Emma Watson on Month Three of Promoting 30-Second Perfume Ad
She’s using a scent to celebrate women in STEM
In June of this year, I wrote for this very website that I alone was capable of saving Emma Watson’s career. In that piece, I suggested Watson either start taking better roles to better bolster her activism career, or to commit more fully to activism in lieu of her acting career. To the surprise of no one, Watson did none of the things I suggested, and instead she has engaged in a months-long campaign for Prada Beauty, which she is marketing as world-historic social justice advocacy.
Some context: Watson became the spokesperson for Prada Beauty’s new perfume “Paradoxe” (that’s “paradox” for girls, jk, it’s just French). But in order to justify doing what is glorified spon, Watson insisted on directing and writing the ad herself. You can watch it and see for yourself how effective it is at selling you the perfume.
“Boxes are always too small,” Watson says, perhaps the most universally acknowledged truth about trying to return a pair of pants you got in the mail. As far as perfume commercials go, it’s pretty run of the mill: rich in vague truisms and confusing imagery. Watson swims, she dances, she paints. She wears a wig to remind you of when her hair was super short, something Watson has now been doing at promotional events for the perfume. What does the perfume smell like? I have no fucking idea. But I don’t think any perfume commercial has had much to say about the product at hand. Remember when Adam Driver turned into a centaur for Burberry?

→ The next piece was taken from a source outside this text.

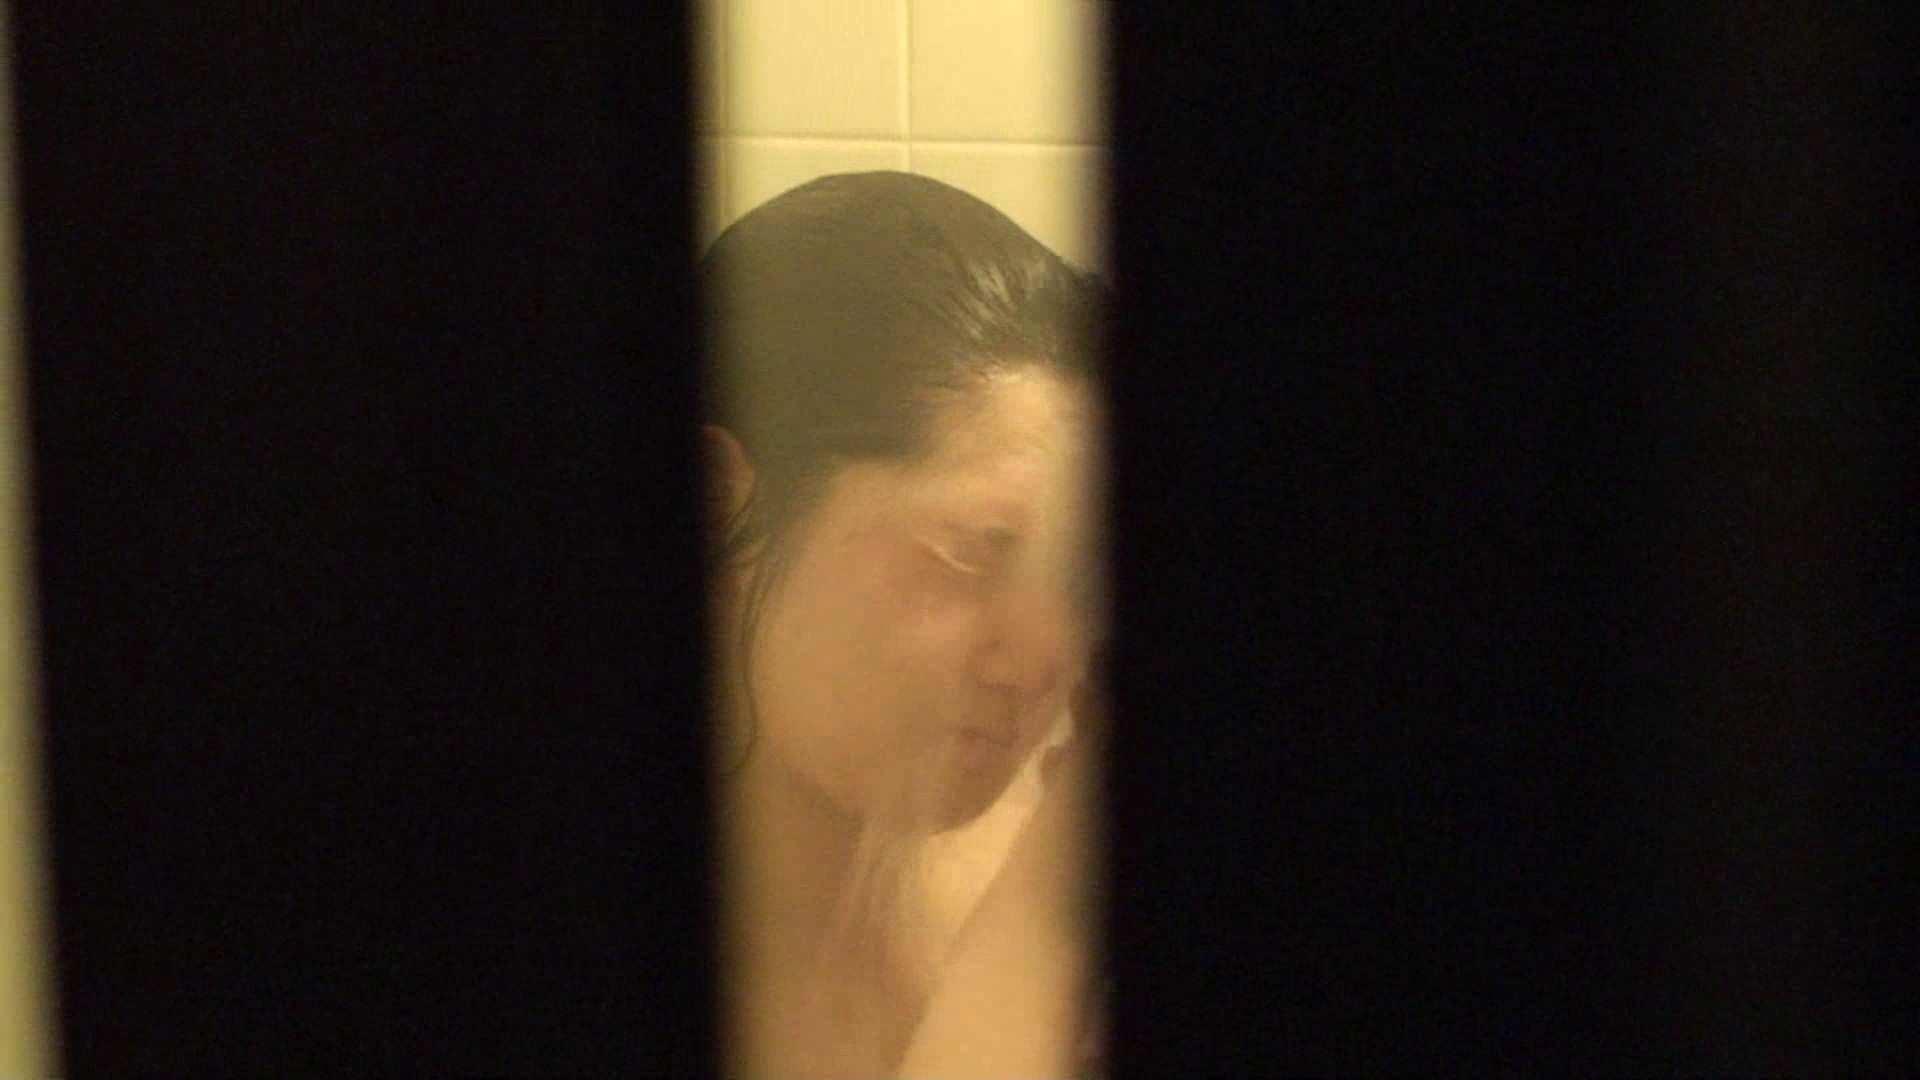 vol.02超可愛すぎる彼女の裸体をハイビジョンで!至近距離での眺め最高! 覗き 隠し撮りオマンコ動画紹介 103pic 39

Watson, however, is doing what she is wont to do: turning directing a Prada commercial into a social justice campaign. This ranges from the totally legitimate (it’s Prada’s first refillable perfume bottle –– eco friendly slay) to the loosely bunk, namely whatever the hell she has been doing on Instagram for the last two months. Since August, Watson has been posting stills from the commercial a few times a week with captions ranging from the hilarious “Taking a moment <3” to stats about women in STEM. That she does so in the annoying celebrity Instagram model of three posts at a time to create a widescreen effect on her Instagram grid is slowly but surely giving me a stroke, but that’s a complaint for another time. Her IG story posts and reposts the commercial on a daily basis. You can never forget that boxes are too small.
Surely most of this is contractually obligated, and why shouldn’t Watson zhuzh up her sponsored work by highlighting inequalities faced by women today? To her credit, she hired a majority female crew for the shoot, and she also warned us there would be some cognitive dissonance involved with this whole project (“Paradoxe”). As Watson says while manically twirling down a triangular staircase, “I am never the same. But I am always myself.”